Шипение сосен усилилось к утру, волны издавали утробно лопающиеся, резкие звуки, в грохоте разрушения слышались уже какие-то крики, стоны, хохот, плач… И вдруг по натянутой парусиновой крыше кто-то несмело царапнул острым коготком и побежал, побежал, побежал, приплясывая и все убыстряя, раздувая свой дьявольский праздничек.
На рассвете все побережье озябшей за ночь Эстонии укрылось под серой, промокшей насквозь шинелью: так неуютно, бездомно и холодно было на душе у Краскова, когда он вышел из палатки. Кто-то уже подогревал мотор, пахло недогоревшим, обогащенным бензинным газом. На крыше палатки черные иглы и черный сор… Грязно-пенные волны…

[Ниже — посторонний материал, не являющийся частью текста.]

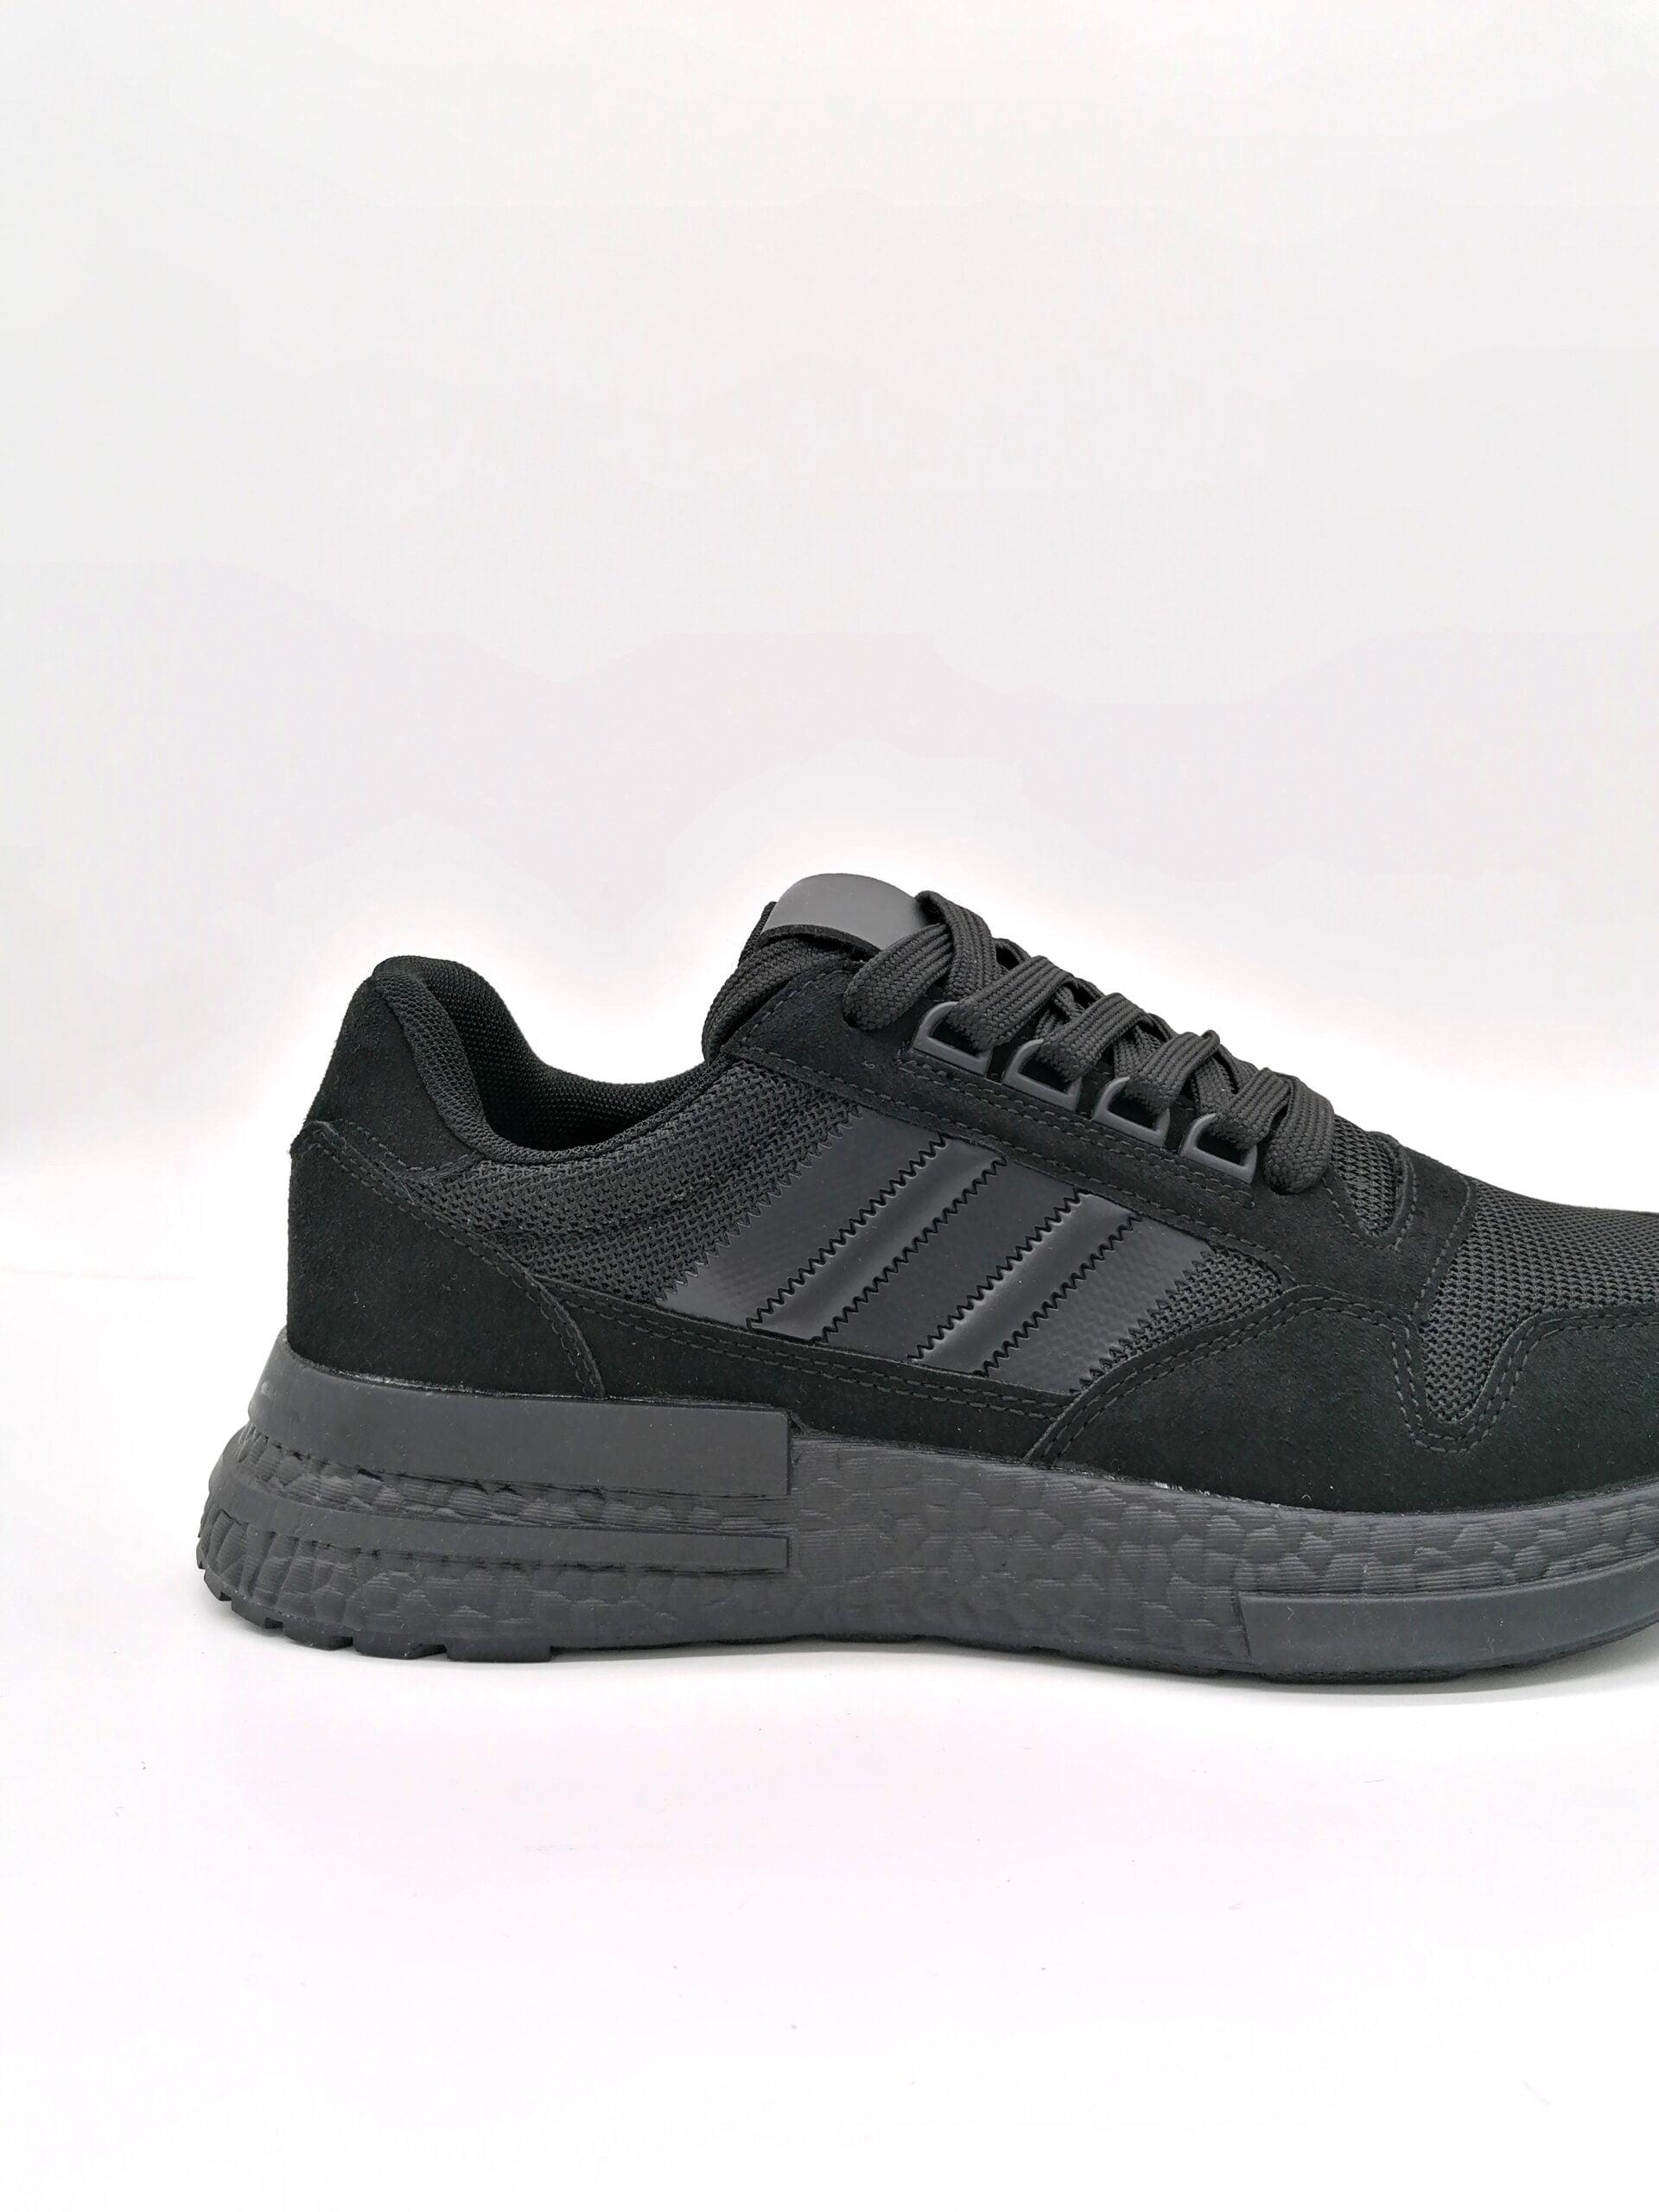 Sports shoe all Black

«Надо было бы вчера сматываться, — подумал он с сожалением. — А она-то и в самом деле как растение: цветы свои закрыла перед непогодой».
И даже заулыбался, объяснив так легко и просто ночные ее слезы и страх.
А через два дня они были под Смоленском. Не торопились. Ночевали на берегу Немана, под Каунасом, потом под Минском среди разноязыких, ярких туристов, а теперь собирались заночевать под Смоленском.
Вся Прибалтика была затянута дождем. Грязные, как чушки, встречные машины, махая по стеклам «дворниками», обдавали грязным, липким туманом ветровое стекло. Ехать было трудно и неинтересно. Особенно вблизи больших городов. Ничего нового, кроме номерных знаков автомашин. «ЭС» сменилось на «ЛА», латышские литеры сменились литовскими «ЛИ», потом появились минские номера, и вот, наконец, побежали по чистой, сухой дорожке, под неярким солнышком «смоляне»… Дожди закончились за Минском, а солнце показалось только здесь, на смоленской земле.
— А как там живет моя красавица? — с пошловатой бравадой в голосе спрашивал ликующий Красков, чувствуя себя чуть ли не героем. — Устала моя девочка хорошая?
Для него эта дорога под дождем была сущим адом, он безумно уставал от нервного напряжения, хотя и старался не подавать виду. А «девочка его хорошая» сидела нахохлившись на заднем сиденье, пряча подбородок в пушистой мохеровой кофточке нежно-лилового цвета, и только улыбалась в ответ.
— О чем задумалась моя хозяюшка? Может быть, нам остановиться и перекусить?
— Я об Одессе все время думаю, — ответила она однажды на подобный вопрос.
— То есть?
— Я однажды была уже там… Хожу теперь, вспоминаю… — Она вдруг хрипловато рассмеялась и закашлялась. — Господи! Когда же я смогу выкурить хорошую сигарету? Это черт знает что! То ли мох, то ли солома…
— Ну и что же ты вспоминаешь?
— Одессу! — удивленно ответила она. — Я ведь приеду в Москву из Одессы, верно? Вот и вспоминаю. Море тепленькое-тепленькое! Но глубокое. И песочек…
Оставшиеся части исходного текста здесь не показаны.